Headline_Generation_NLP

Refer to the Report.pdf for detailed description

1. Problem Formation

Headline generation is within the category of the text summarization. In this project, we would like to modify the current way of headline generation and automatically generate headlines from the text of news articles. Since headlines are terse and convey the most important theme of the input text, it won’t be appropriate to just select a subset of actual sentences from the original text as a summary. Instead, it should be generated by building the semantic representation of the text to create a summary.

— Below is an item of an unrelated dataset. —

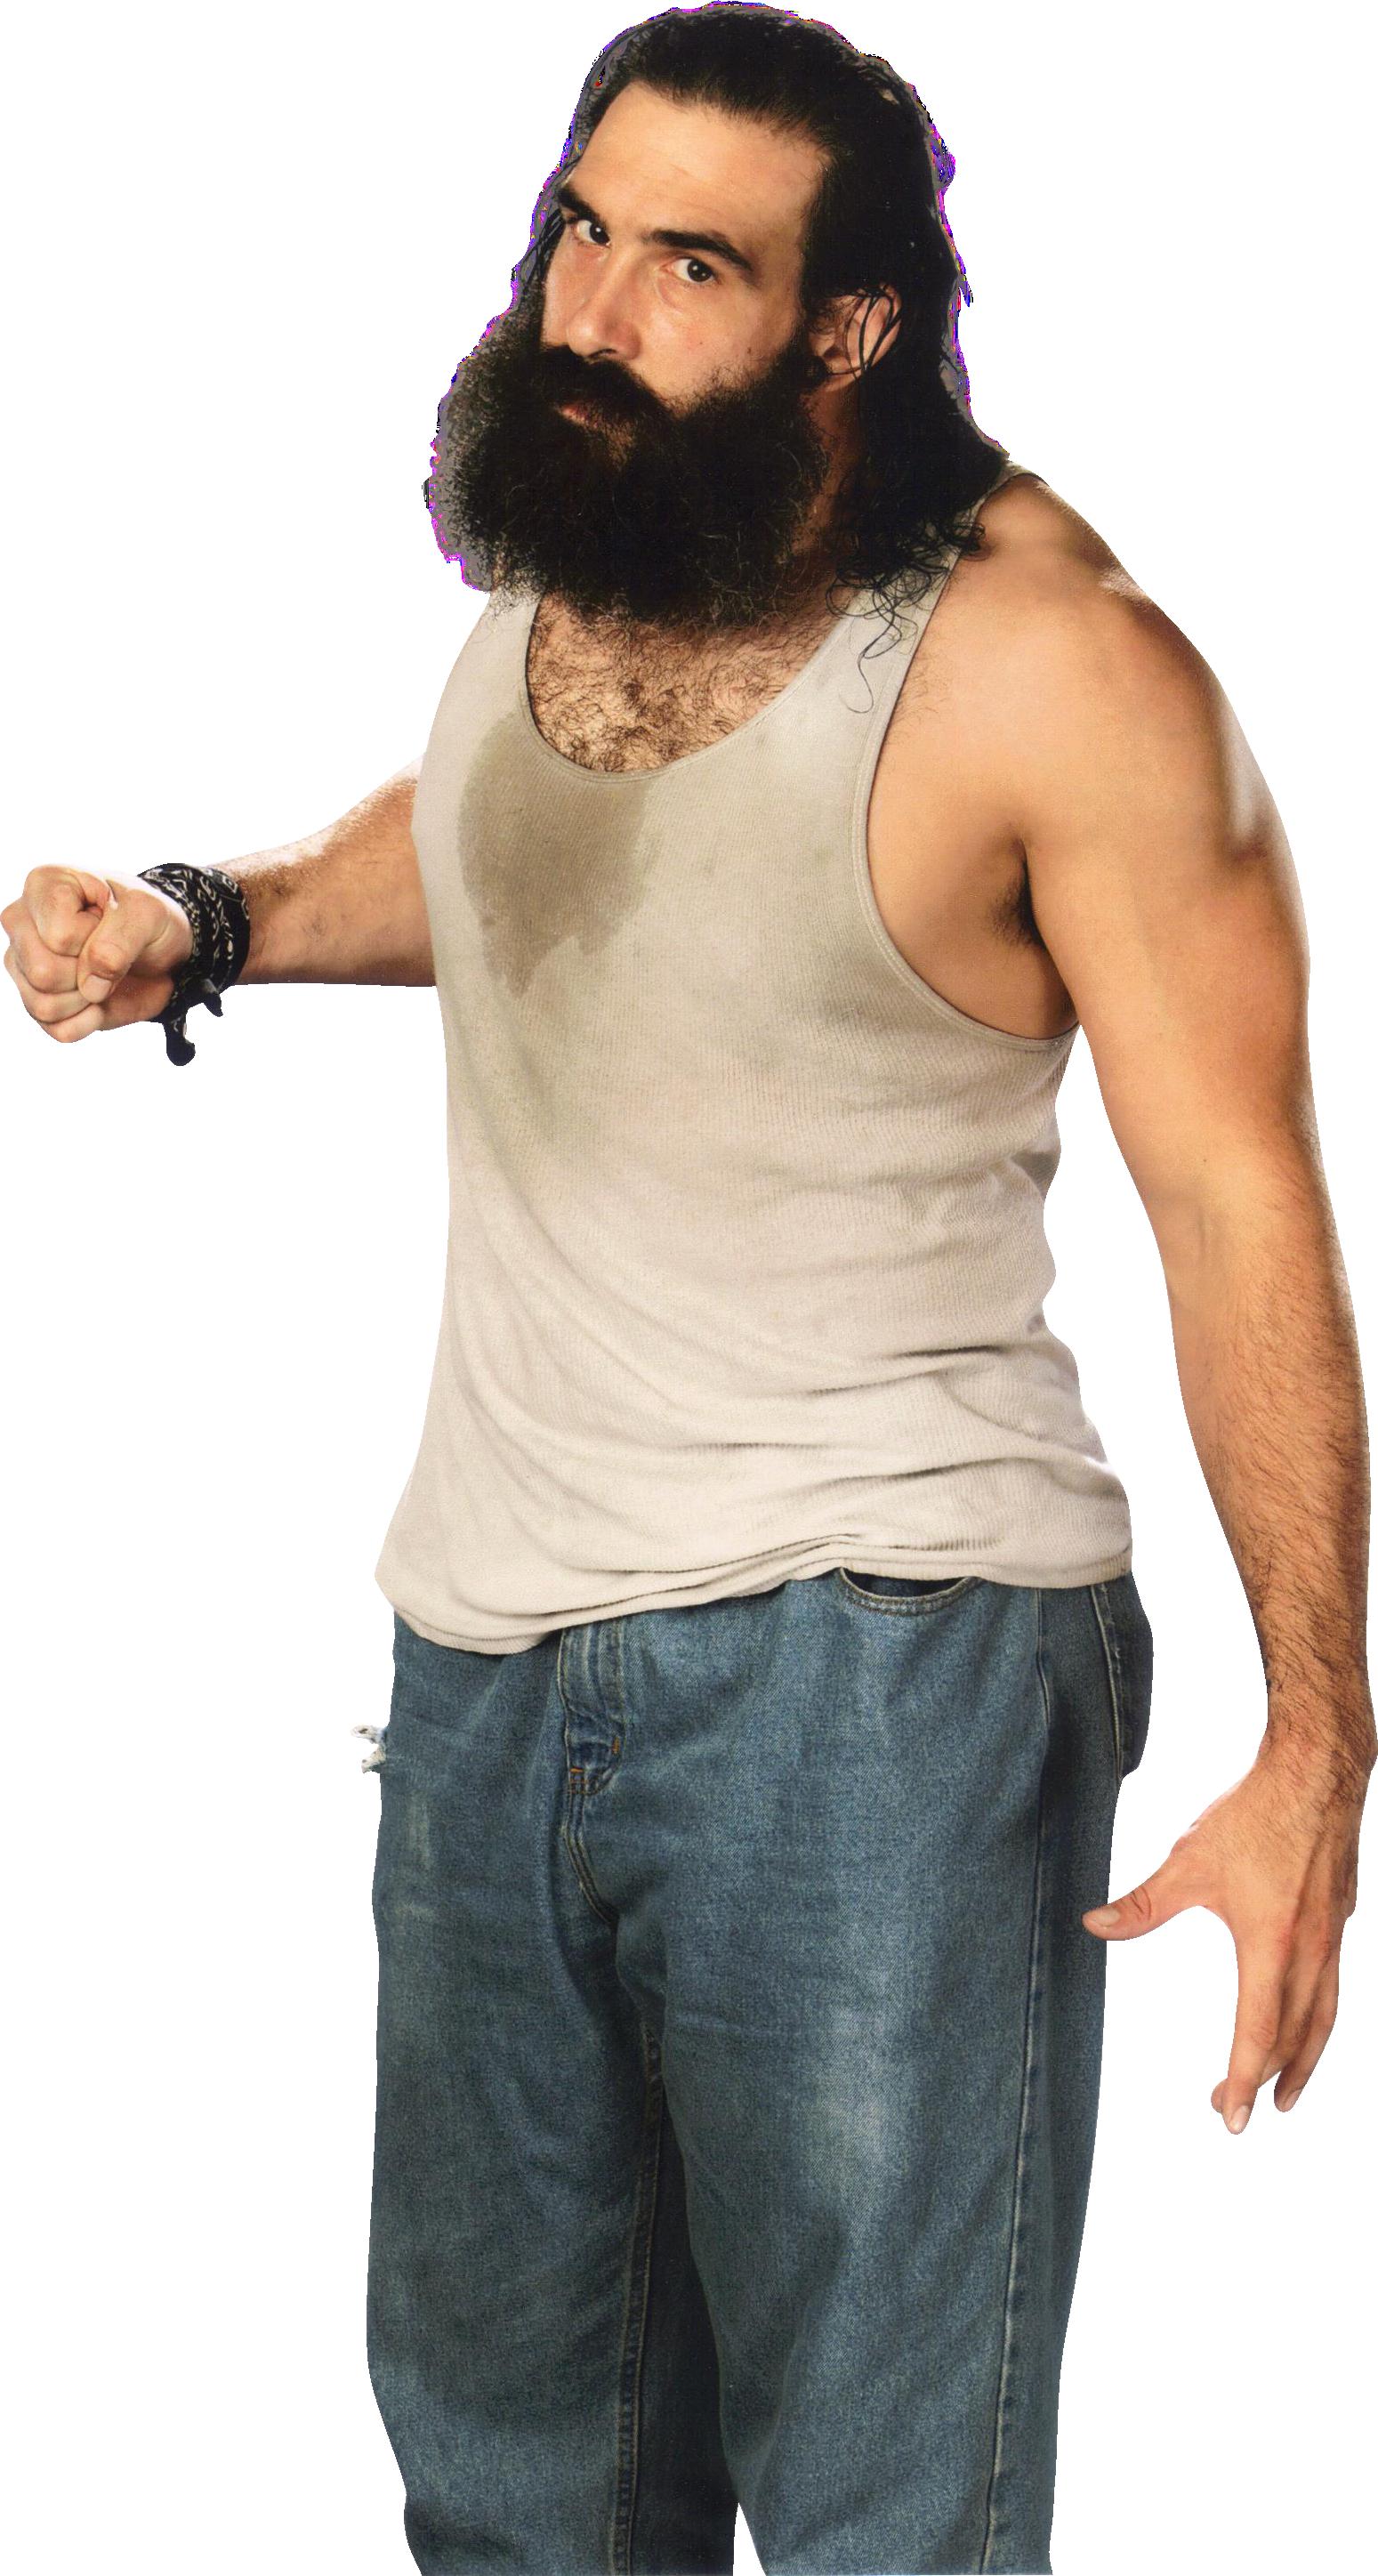 Luke Harper The Wyatt Family Wwe Erick Rowan

The model of news headline generation we are trying to improve in this project is the one proposed by Konstantin Lopyrev [1], which adopts an end-to-end encoder-decoder framework as well as utilizes attention mechanism. The encoder and the decoder are each a recurrent neural network [2]. The encoder encodes a source article into a sequence of latent vectors, and the decoder outputs a summary word by word based on the latent vectors. The attention mechanism allows the decoder to attend to different parts of the source.

2. Project Plans

We plan to use ELMo embedding [3] instead of GloVe embedding [4] to encode the input text. ELMo naturally captures the contextual information by training a large-scale bidierctional language model and is proved to have better performance on many supervised NLP tasks. In this project, we will use the pretrained model which can be obtained here

We also plan to implement a bidirectional RNN to preserve information from both directions. The original RNN model only takes into consideration the current and the previous words to decide values to assign the neurons, while using bidirectional RNN considers also the words that follow.

3. Dataset and Evaluation

The ideal dataset for this project would be the English Gigaword. It was used by Lopyrev, however we may need to deal with copyright issues first. The alternative dataset we use is All the news dataset [5] which contains 143 thousands articles from 15 American publications.

We will evaluate generated news headlines with BLEU [6]. In general, BLEU measures how much the words in the machine-generated headlines appeared in the human reference headlines in terms of different n-gram.

Reference

[1] Lopyrev, Konstantin. "Generating news headlines with recurrent neural networks." arXiv preprint arXiv:1512.01712(2015). [2] Ilya Sutskever, Oriol Vinyals, and Quoc V. Le. Sequence to sequence learning with neural networks. CoRR, abs/1409.3215, 2014. [3] Peters M E, Neumann M, Iyyer M, et al. Deep contextualized word representations[J]. arXiv preprint arXiv:1802.05365, 2018. [4] Pennington J, Socher R, Manning C. Glove: Global vectors for word representation[C]. Proceedings of the 2014 conference on empirical methods in natural language processing (EMNLP). 2014: 1532-1543. [5] All the news dataset. Kaggle. link [6] Papineni, K.; Roukos, S.; Ward, T.; Zhu, W. J. BLEU: a method for automatic evaluation of machine translation. ACL-2002: 40th Annual Meeting of the Association for Computational Linguistics. Pp. 311-318.